## Data for the task
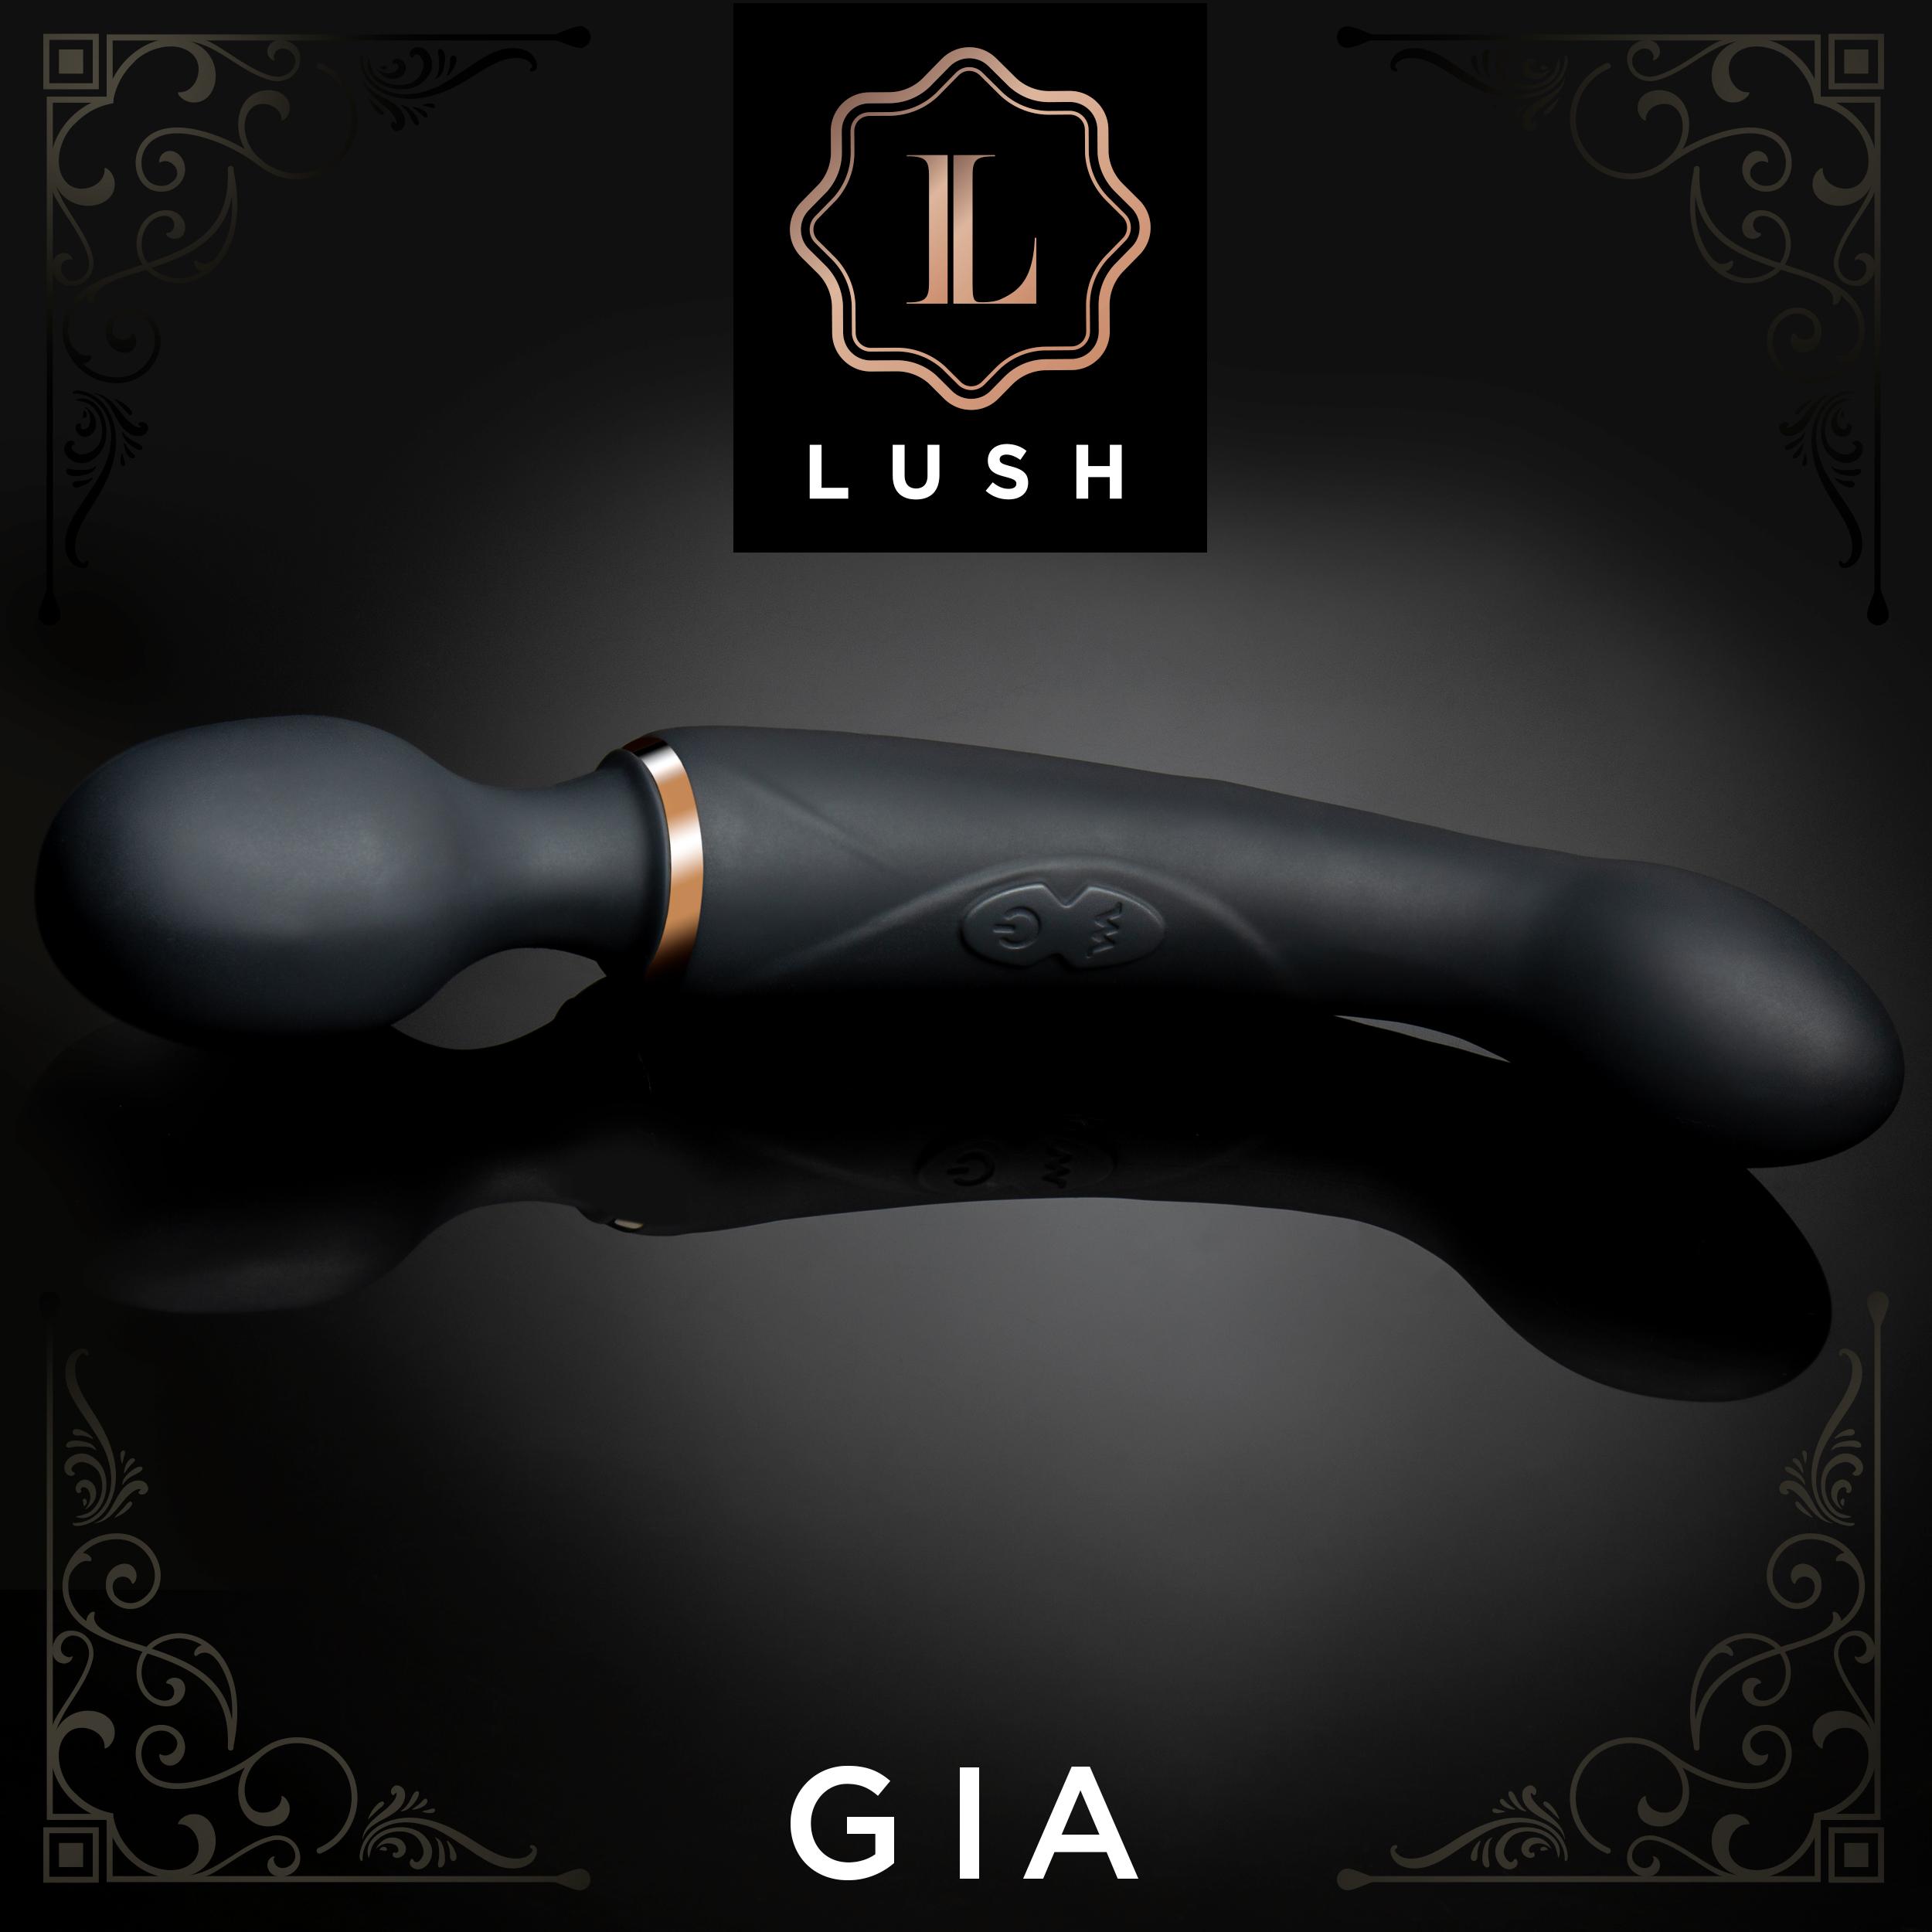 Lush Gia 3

* * *

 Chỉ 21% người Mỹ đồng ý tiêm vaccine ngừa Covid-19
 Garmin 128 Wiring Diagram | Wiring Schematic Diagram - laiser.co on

--

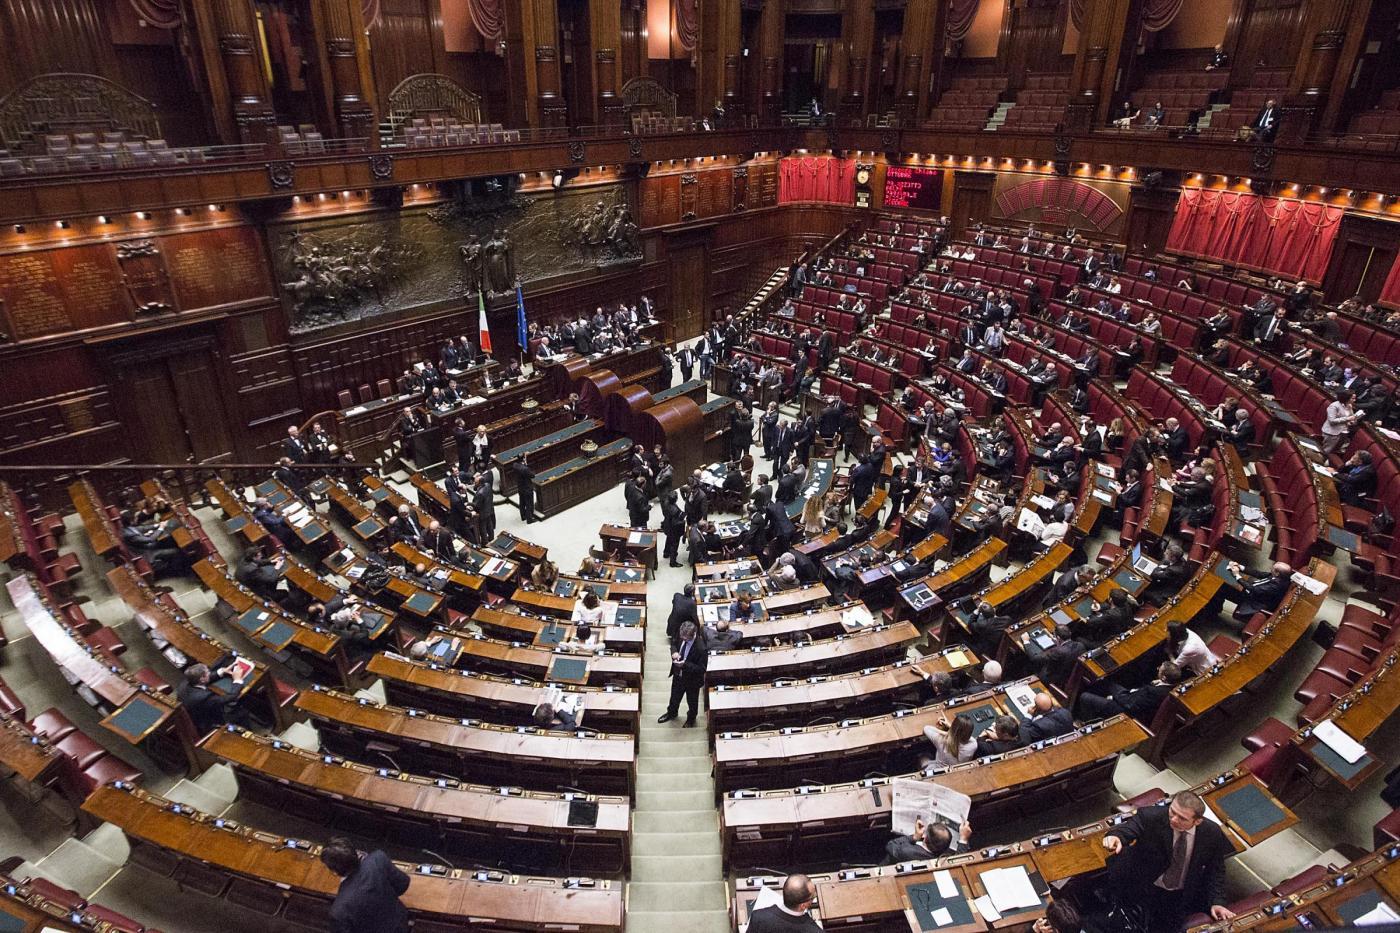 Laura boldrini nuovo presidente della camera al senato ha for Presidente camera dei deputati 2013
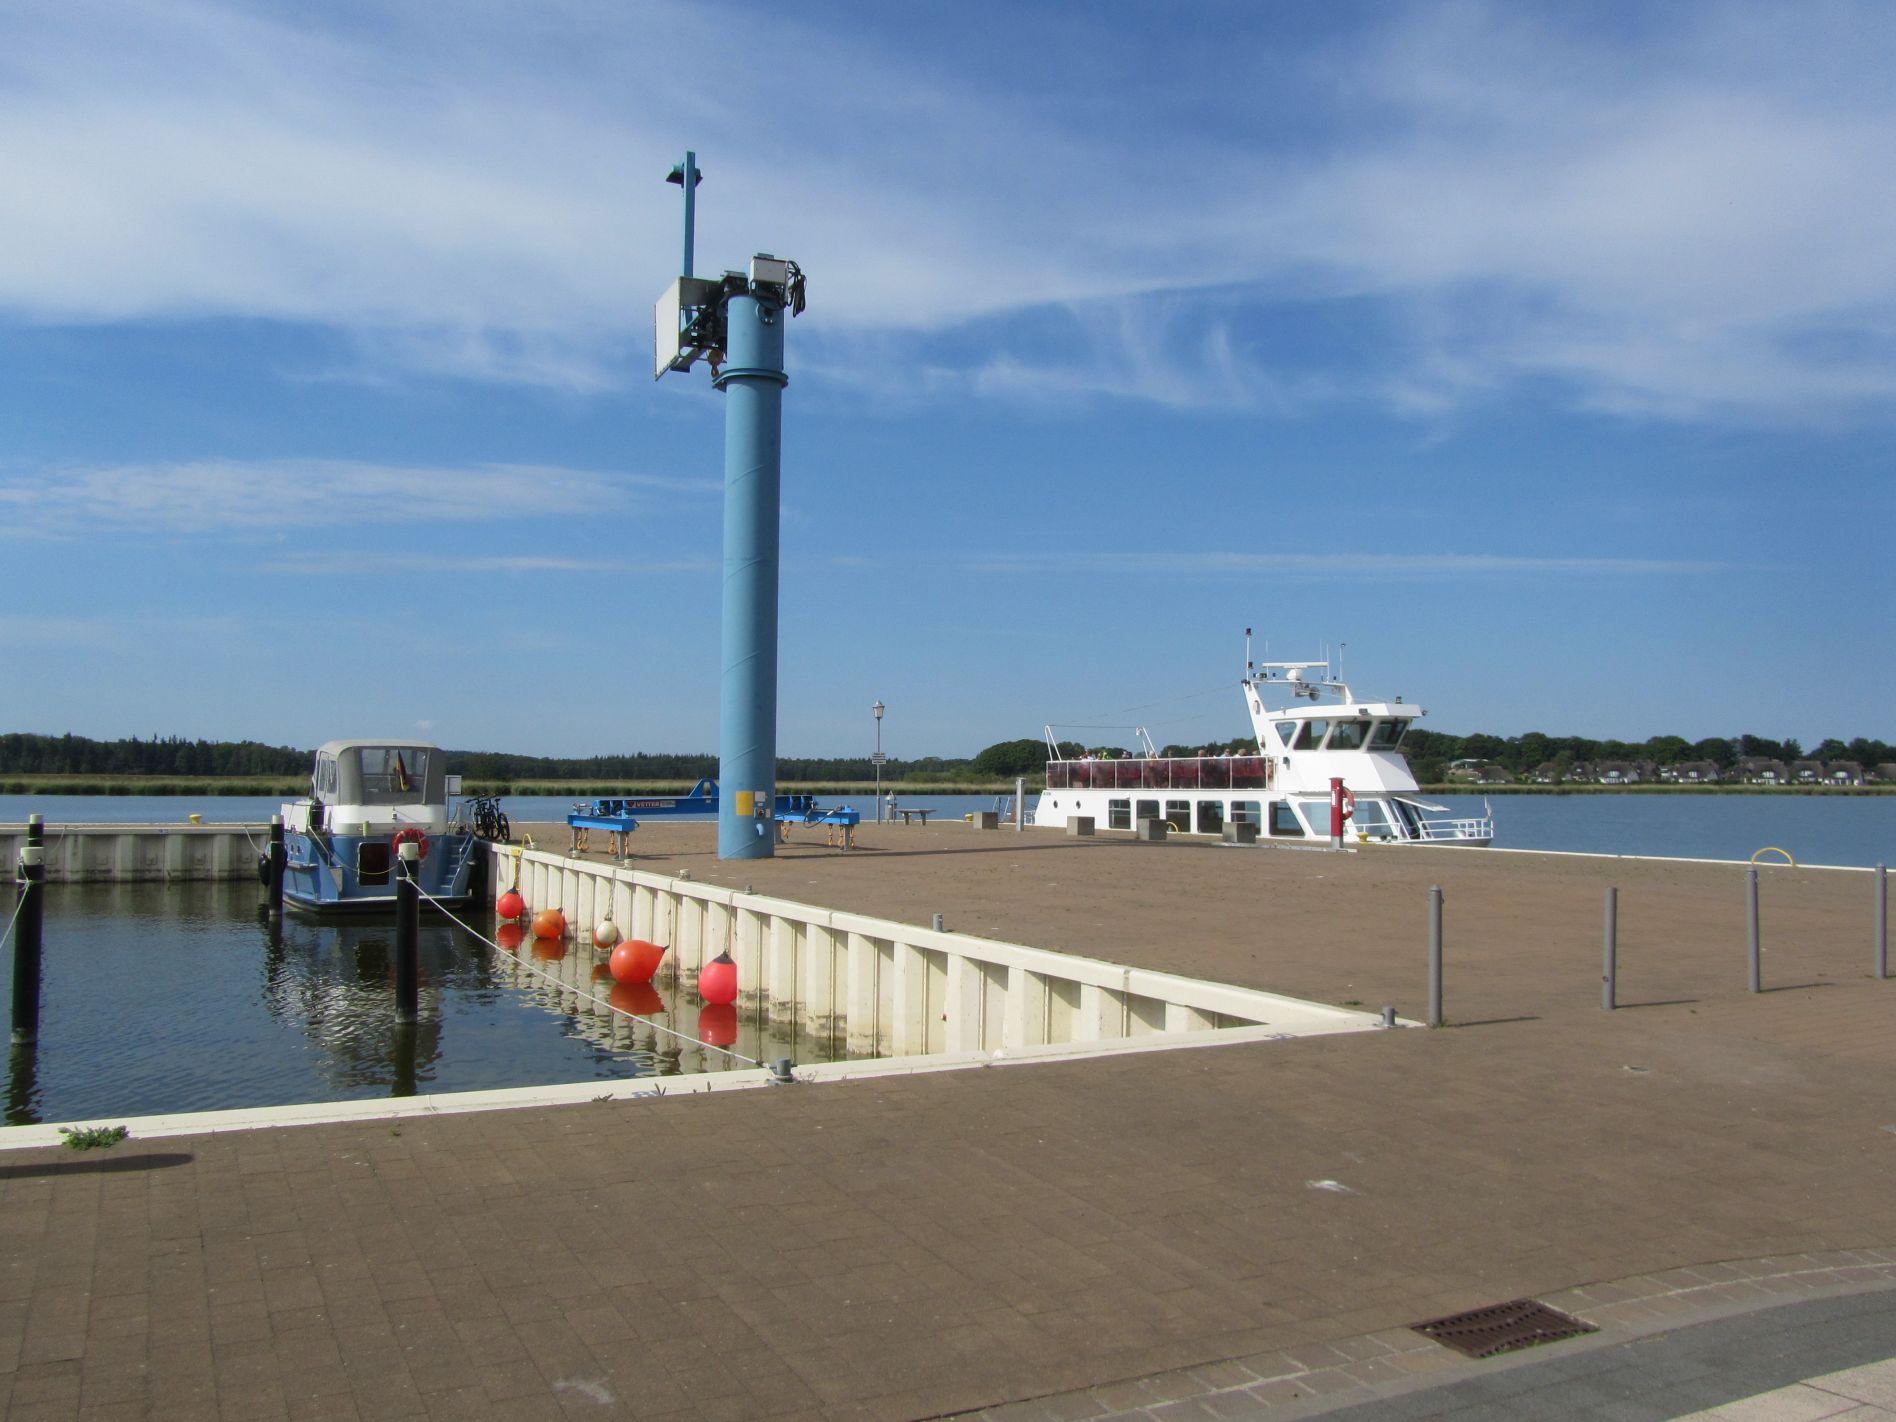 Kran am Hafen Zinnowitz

## Exercise objective
Go through the material above and output exactly the lines from the one containing "Chỉ 21% người" through the one containing "Garmin 128 Wiring".

## Task output
 Chỉ 21% người Mỹ đồng ý tiêm vaccine ngừa Covid-19
 Garmin 128 Wiring Diagram | Wiring Schematic Diagram - laiser.co on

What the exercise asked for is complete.